Unfortunately, as with many things in life, there is no one-size-fits-all answer. But I will share my opinion and preferences with you and hope it resonates with you as well at least when it comes to the numbers because, let’s face it that’s what I enjoy and obsess over.
When it comes to cars, I am a firm believer that there is no car cheaper than the one you currently drive and that’s, ideally, paid off. The average car or what seems to be popular these days, SUV, costs around $35,000 for the models I follow such as a slightly used Subaru Ascent. After trading in my current vehicle plus transfer and tax fees, let’s say the difference is a round $25,000 to keep the calculations easy. Unless you are buying a classic car, I would also argue that the value will go down the moment you take ownership and you leave the dealer’s lot.
Now, you could pay cash for this big purchase. These funds could come from savings, investments or similar and may or may not have a big tax implication. However, you are sacrificing the possibility of having $25,000 invested for years to come, funding a retirement account and/or may not have this type of cash cushion available.
You could take out a car loan from the dealership, bank or other financial service provider. Let’s say, best case scenario, you get a 0% loan for 5 years, that’s $416.67/month for a car payment for the next 5 years.
Another option would of course be leasing the vehicle of your dreams, but I will not go into that today. It may make sense for some people or for business purposes, but personally, I like to own what I drive.

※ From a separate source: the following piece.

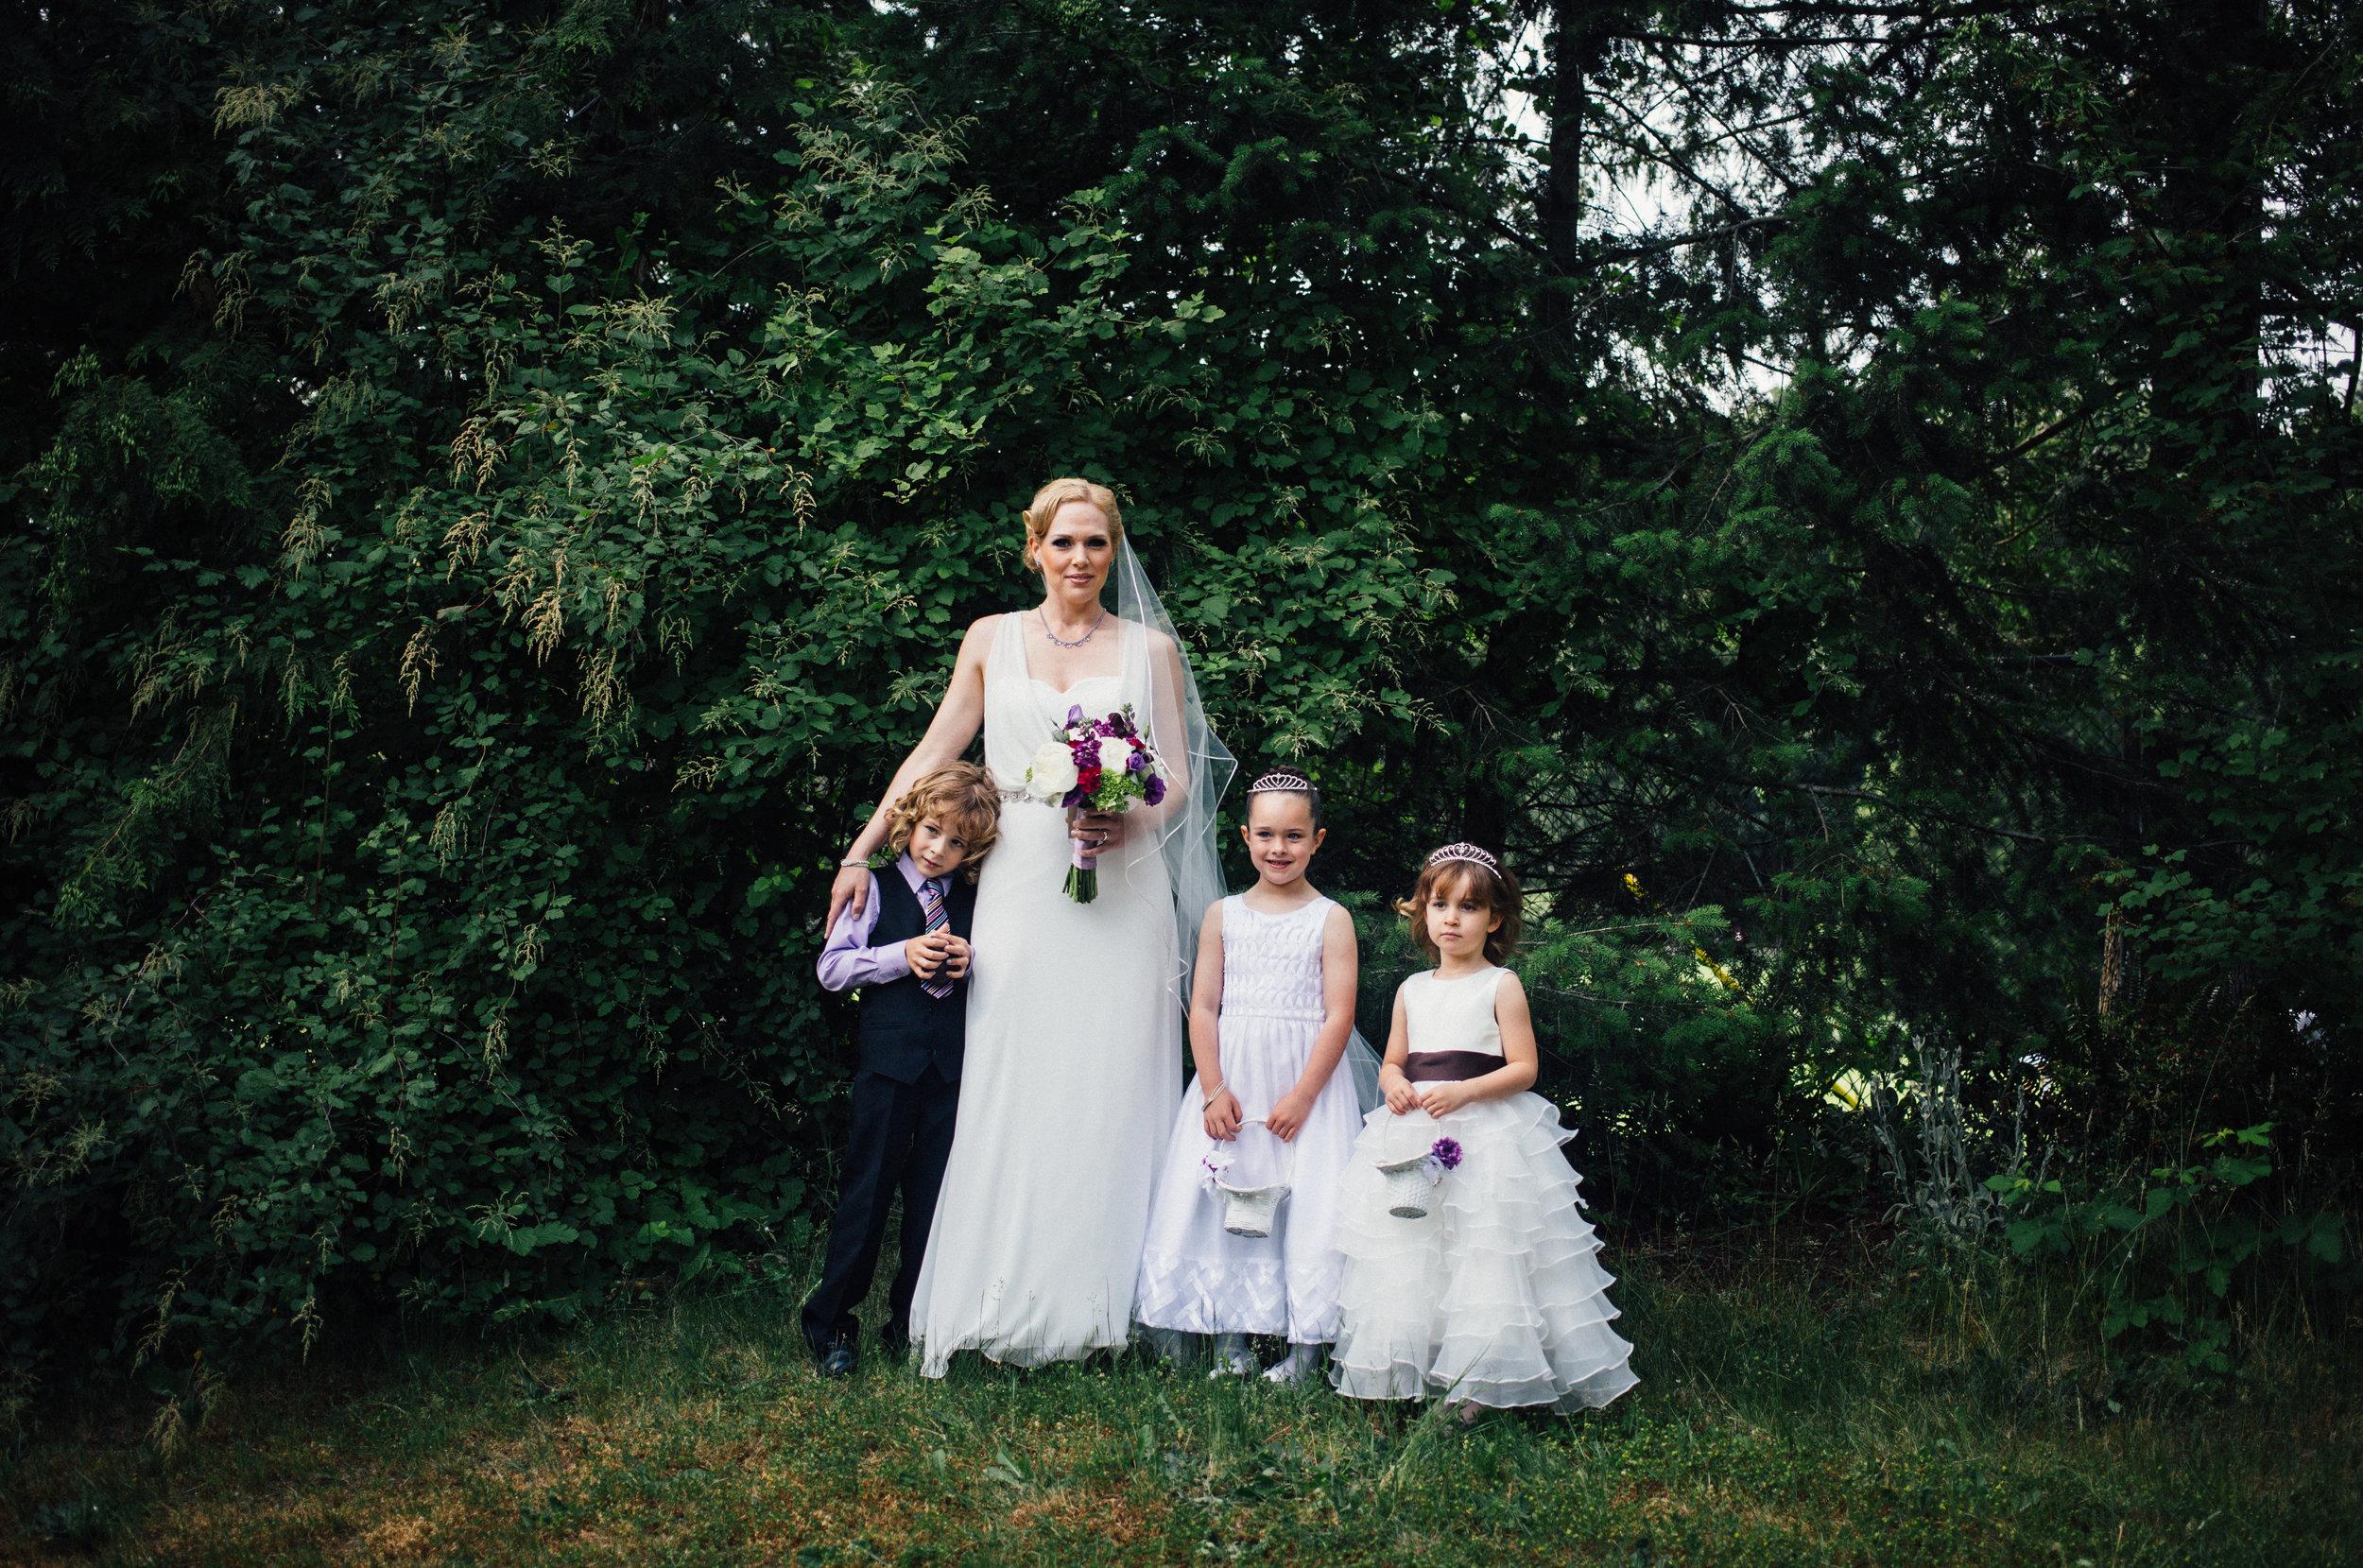 dogwoodphotography_photographer_vancouver_wedding_kimberley (15 of 180).jpg
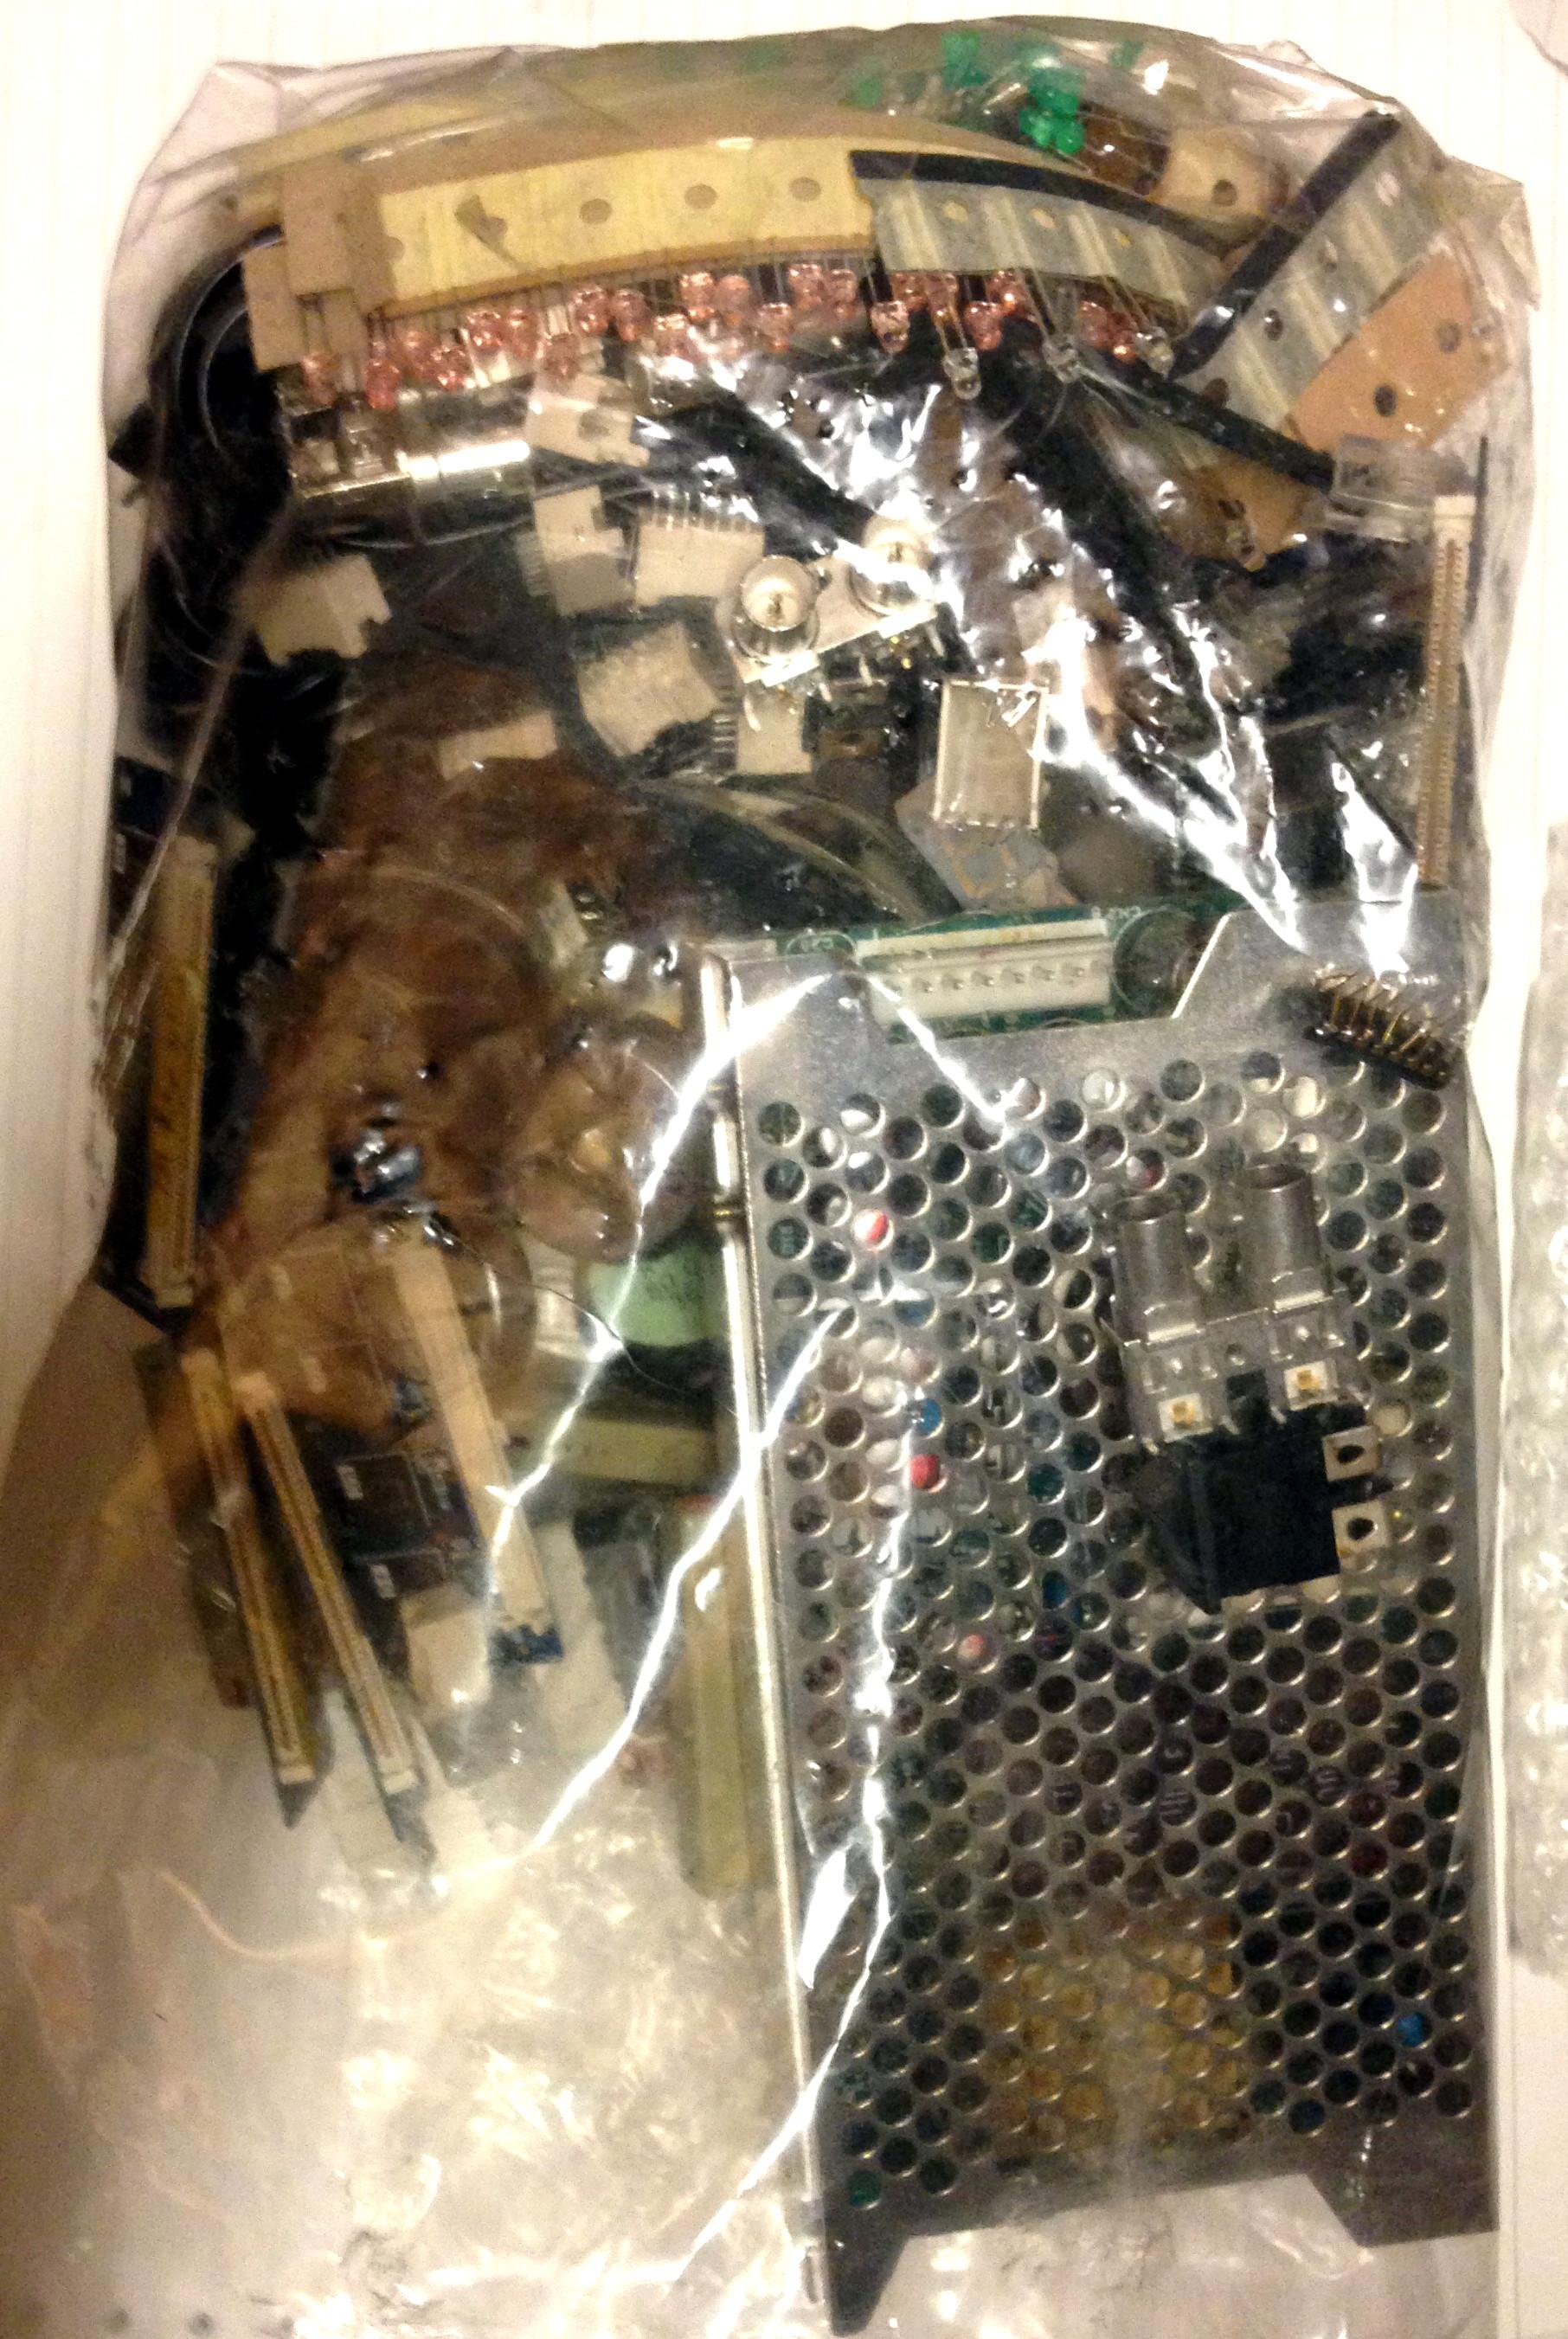 無気力ジャンカーのブログ2014年10月[購入備忘録]レガシーから現行までなマルチメディア液晶 for ゲーミングラジオガァデンのジャンク袋

Now, let’s look from a financial professional’s point of view how each of these choices would play out over the next 30 years if we invested these funds instead:
$25,000 invested immediately, no additions, no distributions over 30 years earning an average of 7% annualized would provide a future available balance in 2050 in the amount of $190,306.38.
$5,000 a year invested for years 1-5 and no additional contributions or distribution for another 25 years also assuming a 7% annualized return would result in $156,058.77.
Now, while we would likely give up more of an opportunity cost on option #1 when compared to #2, both choices are superior to spending the $25,000 on, yes, an asset. But no, it’s not growing for you and will probably be worth less than half of the purchase price when the time comes to sell it, so let’s not call our cars an investment unless you have a classic tag on it.
The reality is, most of us will end up buying a new or used car every so often and that’s okay. We do have to get from point A to B safely, especially when there is precious cargo on board, or the car is necessary to earn more money. What I want to challenge you on and hope that you realize after some very basic examples above, is the power of compound interest and related opportunity cost. Of course, the salespeople in the dealership will make it sound like they are giving you the deal of a lifetime, low payments, no interest, special promotion, family and friends discounts, you name it, they got it.
Take a step back, run the numbers, or even better, let us run the numbers for you and compare your options to help you make a sound financial decision as part of your overall financial strategy for years to come and allow for you to live your best life possible. As for me, I will settle for buying a bottle of that “New Car Smell” spray instead!